The magazine puts the scale of this inflationary impact starkly:

"In 2003, the commodities futures market still totalled a sleepy $13 billion.... But in the first 55 days of 2008, speculators poured $55 billion into commodity markets, and by July 2008, $318 billion was roiling these markets," primarily through Goldman's GSCI. The worldwide price of food in 2008 was up 80% over 2005; in early 2011 it is up 150% over late 2008. "Imaginary wheat dominates the price of real wheat, as speculators (traditionally one-fifth of the food commodity futures market) now outnumber bona-fide hedgers four-to-one."

And the consequence: "The average American, who spends roughly 8 to 12% of her weekly paycheck on food, did not immediately feel the crunch of rising costs. But for the roughly 2 billion people across the world who spend more than 50% of their income on food, the effects have been staggering: 250 million people joined the ranks of the hungry in 2008, bringing the total of the world's "food insecure" to a peak of 1 billion—a number never seen before." By early 2011, another 150 million on top of that were "officially hungry," and this was helping trigger mass strikes against governments throughout the Mideast, Africa, and South Asia.
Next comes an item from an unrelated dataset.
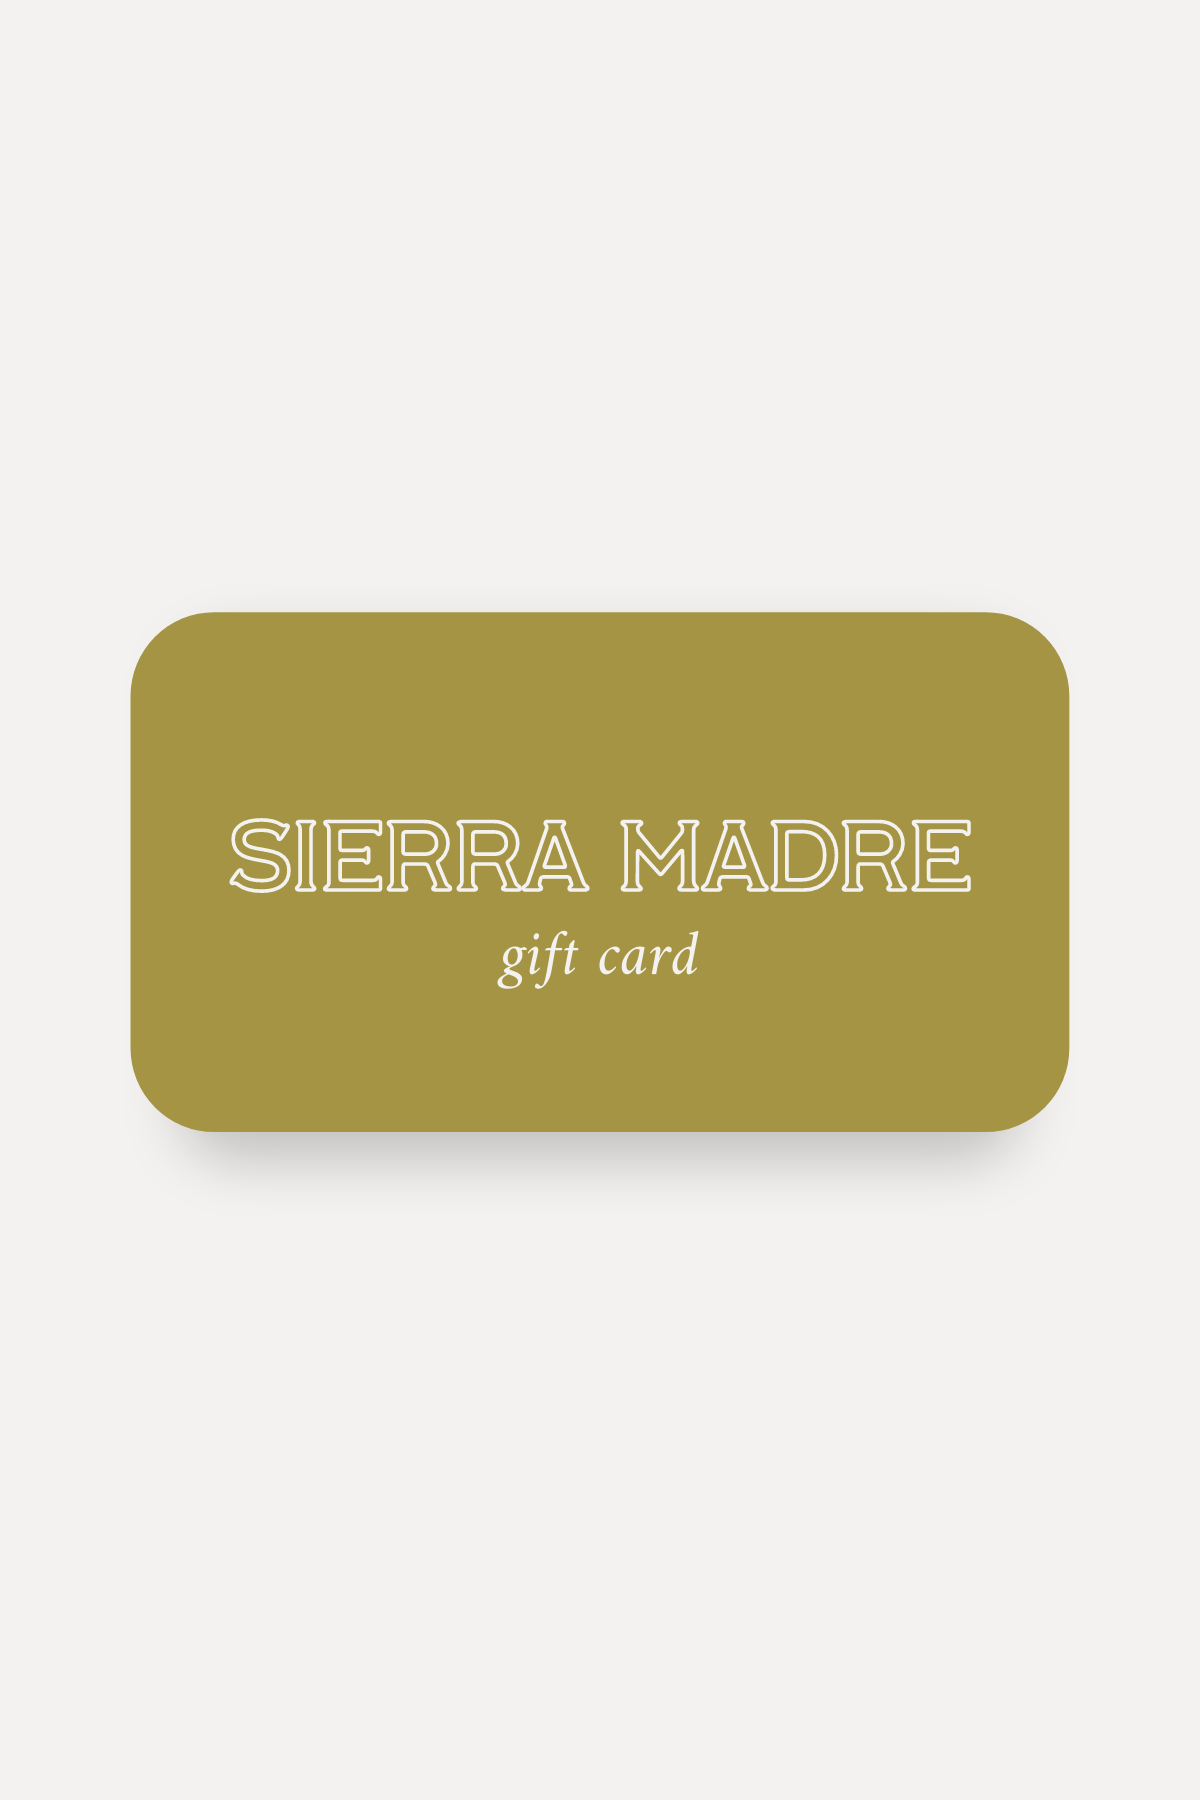 Sierra Gift Cards

This devastating inflation—and Goldman Sachs and the other speculators driving it—is what Timothy Geithner is defending, when he tries to insist on their right to speculate in unlimited, unregulated "dark" markets with derivatives.

Geithner's action is another indication that President Barack Obama and his British string-pullers would not be able to withstand the public upheaval that would accompany passage of a restored Glass-Steagall law through Congress.